The governor has considered taking the trip for about a year, said Maj. Michael Haller, spokesman for the Department of Military and Veteran Affairs. Manly said the governor may have waited until this summer because he was involved in negotiations with major oil producers to build a natural gas pipeline.
Murkowski is also running for re-election and will face four contenders in late August for the Republican Party nomination.
"I don't believe the governor would use this for a political purpose," said former state legislator John Binkley, who is facing off against Murkowski in the polls.
Binkley added that the governor appears to be concerned about the troops.
Haller said part of the reason the governor made the trip was to do something at which he excels - providing words of encouragement.
"For those who actually got to see him or get a phone call from the governor, it was a big day," Haller said.

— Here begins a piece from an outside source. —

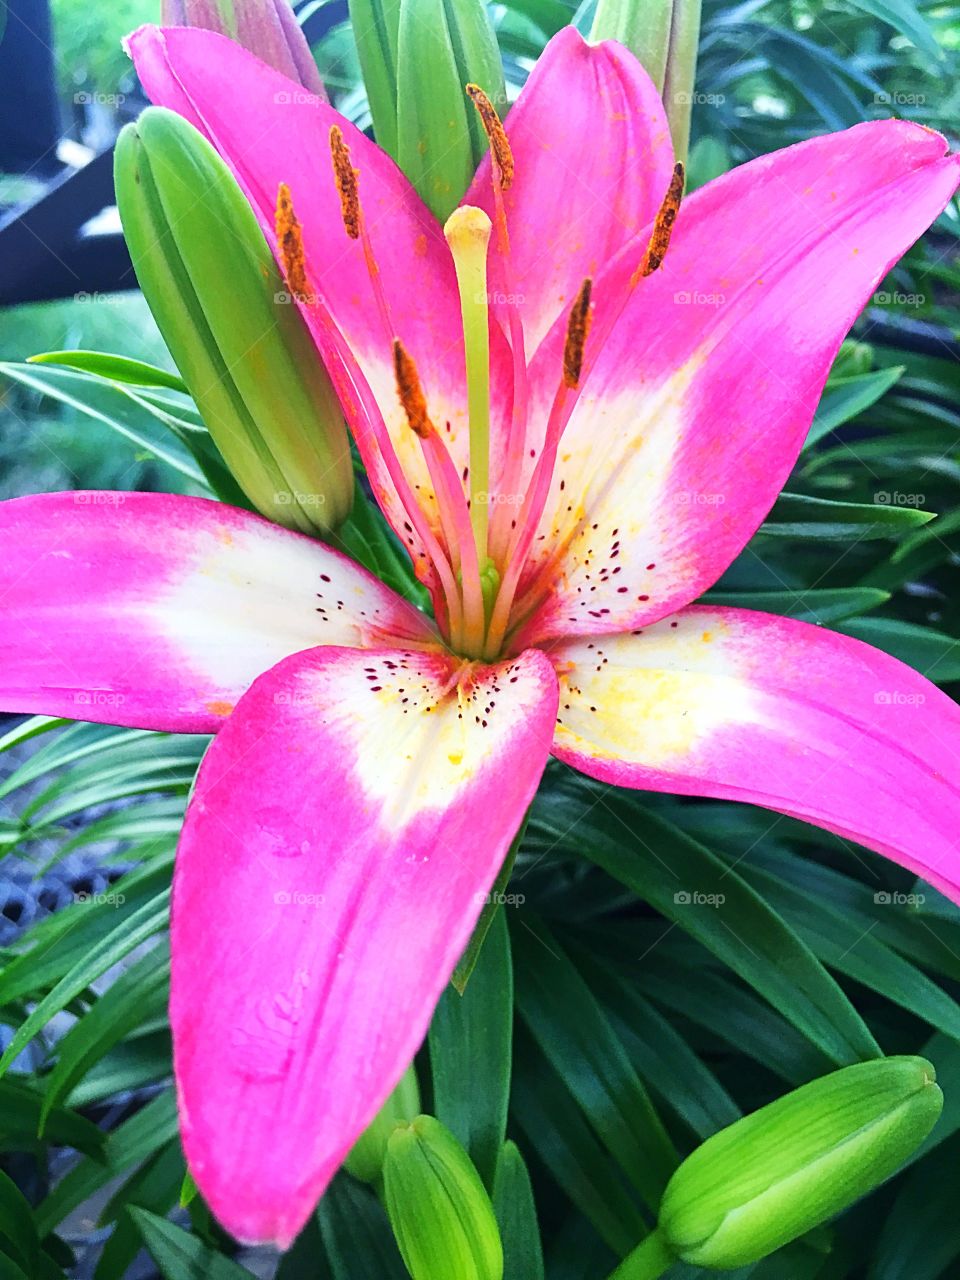 Bright pink “Stargazer” lily.

Murkowski visited units from Mosul, including about 60 soldiers from the 207th Aviation Battalion of the Alaska Army Guard and the 423rd Infantry from Fort Richardson and the 172nd Stryker Brigade Combat Team from Fort Wainwright.
"It's not a short flight," said Matt Dubois, a Juneau resident and infantryman who recently served in Baghdad.
Dubois added that the governor can learn more about the soldiers' day-to-day life while there.
Before departing for the Middle East from Andrews Air Force Base in Maryland, the governors met with Secretary of State Condoleezza Rice and Defense Secretary Donald Rumsfeld for a classified briefing on the situation in Iraq, Manly said.
This is Murkowski's second trip to Iraq. As a U.S. senator, with Senate Majority Leader Bob Dole, he met with Hussein prior to the first Gulf War.